NGL collar positions are structurally neutral (protective); the modeled P&L assumes European-style exercise at expiration and ignores early assignment, transaction costs, dividends paid before expiry on the stock leg (when present), and the bid-ask spread on the listed chain. NGL positions also carry Energy sector concentration risk; news flow inside the sector (peer earnings, regulatory shifts, supply-chain headlines) can move NGL alongside the broader basket even when NGL-specific fundamentals are unchanged. Always rebuild the position from current NGL chain quotes before placing a trade.
Frequently asked questions
- What is a collar on NGL?
- A collar on NGL is the collar strategy applied to NGL (stock). The strategy is structurally neutral (protective): A collar pairs long stock with a protective out-of-the-money put financed by a short out-of-the-money call, capping both tails of the position around the current spot. With NGL stock trading near $17.57, the strikes shown on this page are snapped to the nearest listed NGL chain strike and the premiums come straight from the end-of-day bid/ask midpoint.

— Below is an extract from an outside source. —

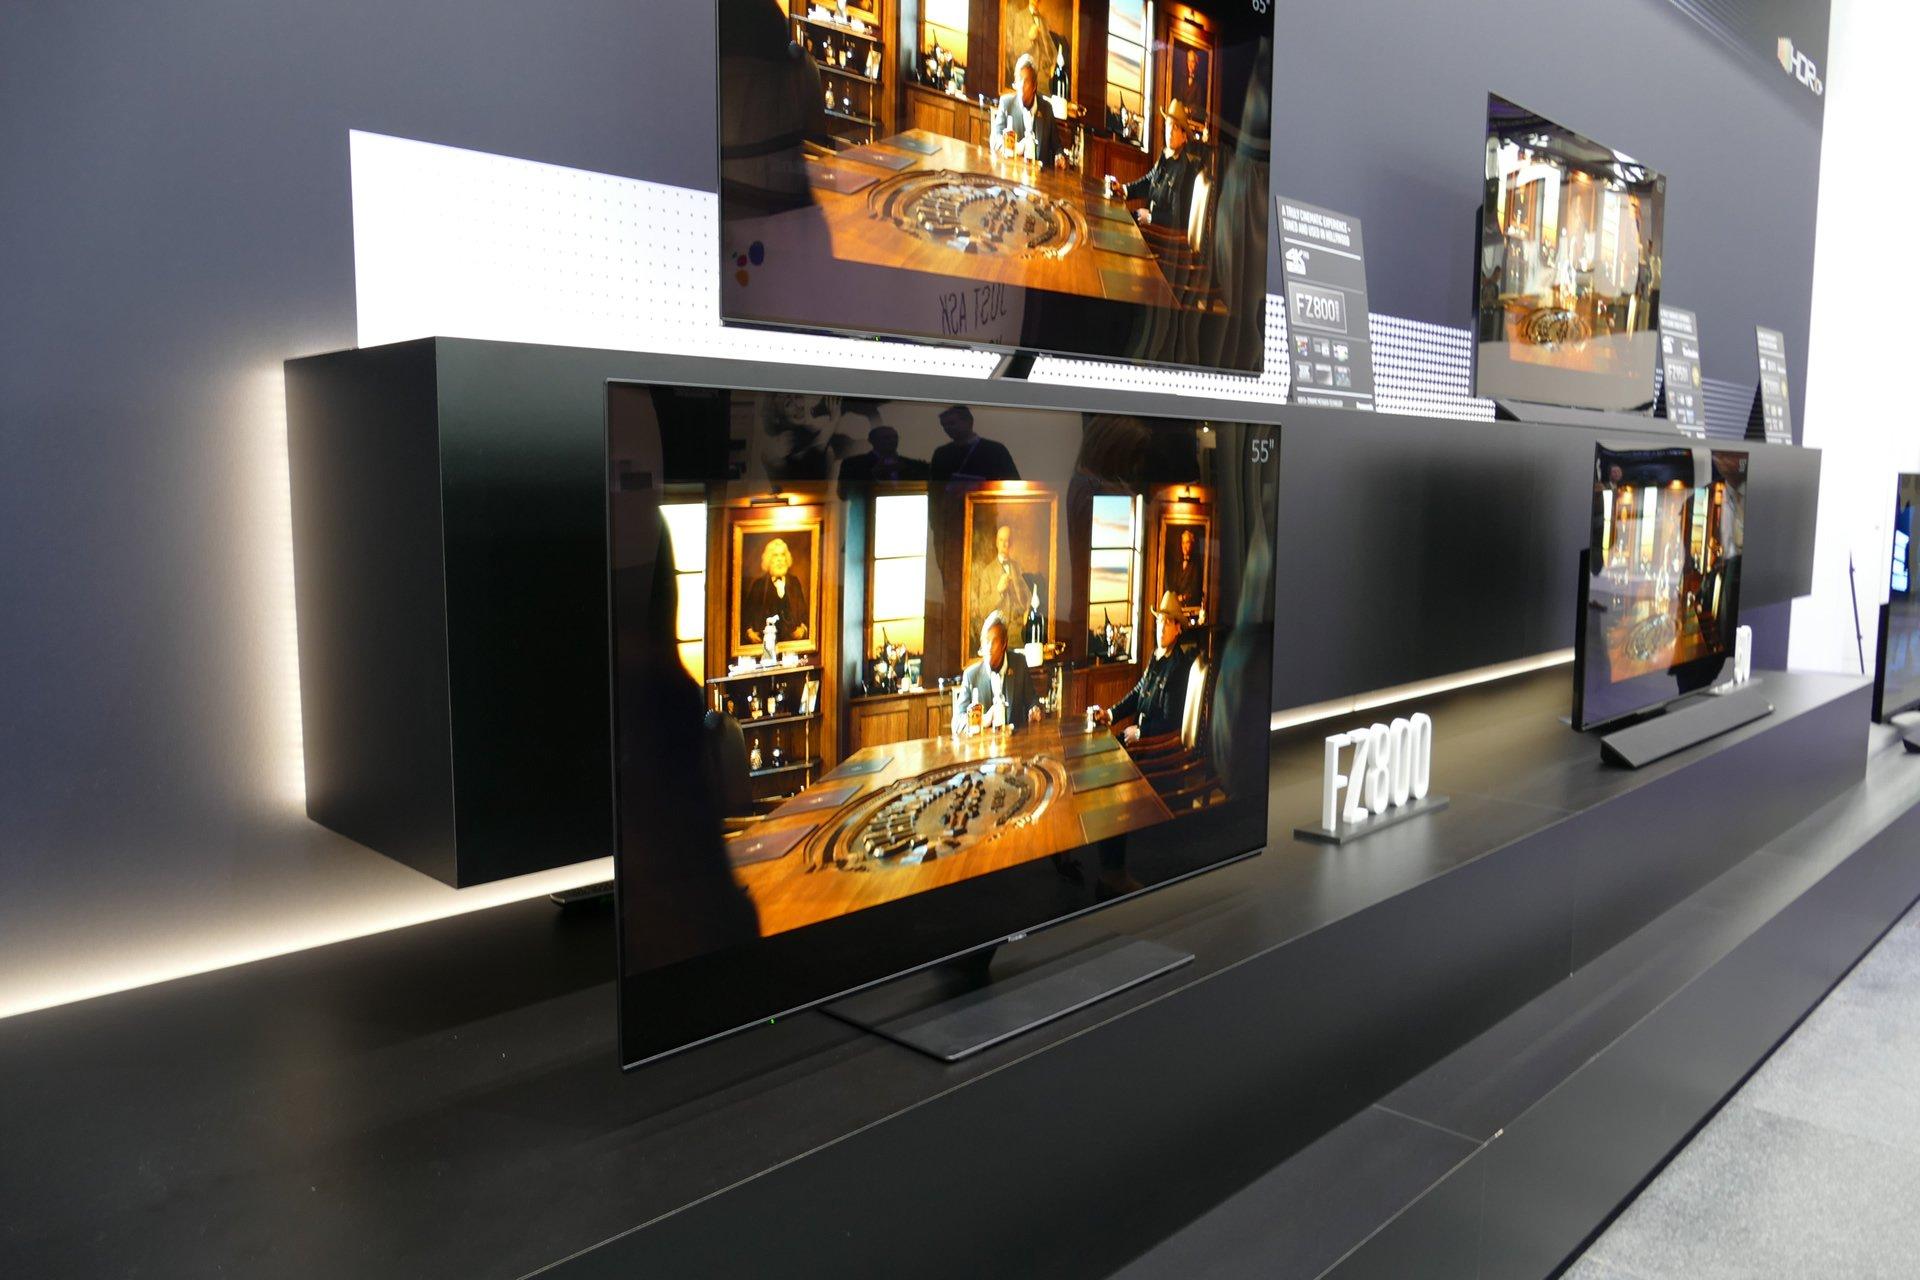 Panasonic 2018 TV Priser og lanceringstidspunkt

- How are NGL collar max profit and max loss calculated?
- Max profit roughly equals short-call strike minus cost basis plus net premium; max loss roughly equals cost basis minus long-put strike minus net premium. Breakeven shifts by the net premium. For the NGL collar priced from the end-of-day chain at a 30-day expiry (ATM IV 66.90%), the computed maximum profit is $68.00 per contract and the computed maximum loss is -$32.00 per contract. Live intraday quotes will differ as the chain moves through the trading session.
- What is the breakeven for a NGL collar?
- The breakeven for the NGL collar priced on this page is roughly $17.32 at expiration, derived from end-of-day chain premiums. Breakeven is the underlying price at which the strategy's P&L crosses zero ignoring transaction costs and assignment risk. The current NGL market-implied 1-standard-deviation expected move is approximately 19.18%; if the move sits well outside the breakeven distance, the structure's risk-reward becomes correspondingly tighter.
- When should you consider a collar on NGL?
- Collars on NGL hedge an existing long NGL stock position; the long put sets a floor while the short call finances it, often run as a near-zero-cost hedge during expected volatility windows.
- How does current NGL implied volatility affect this collar?
- NGL ATM IV is at 66.90% with IV rank near 56.76%, which is mid-range against its 1-year history. Strategy selection depends more on directional thesis and expected move than on a strong IV signal.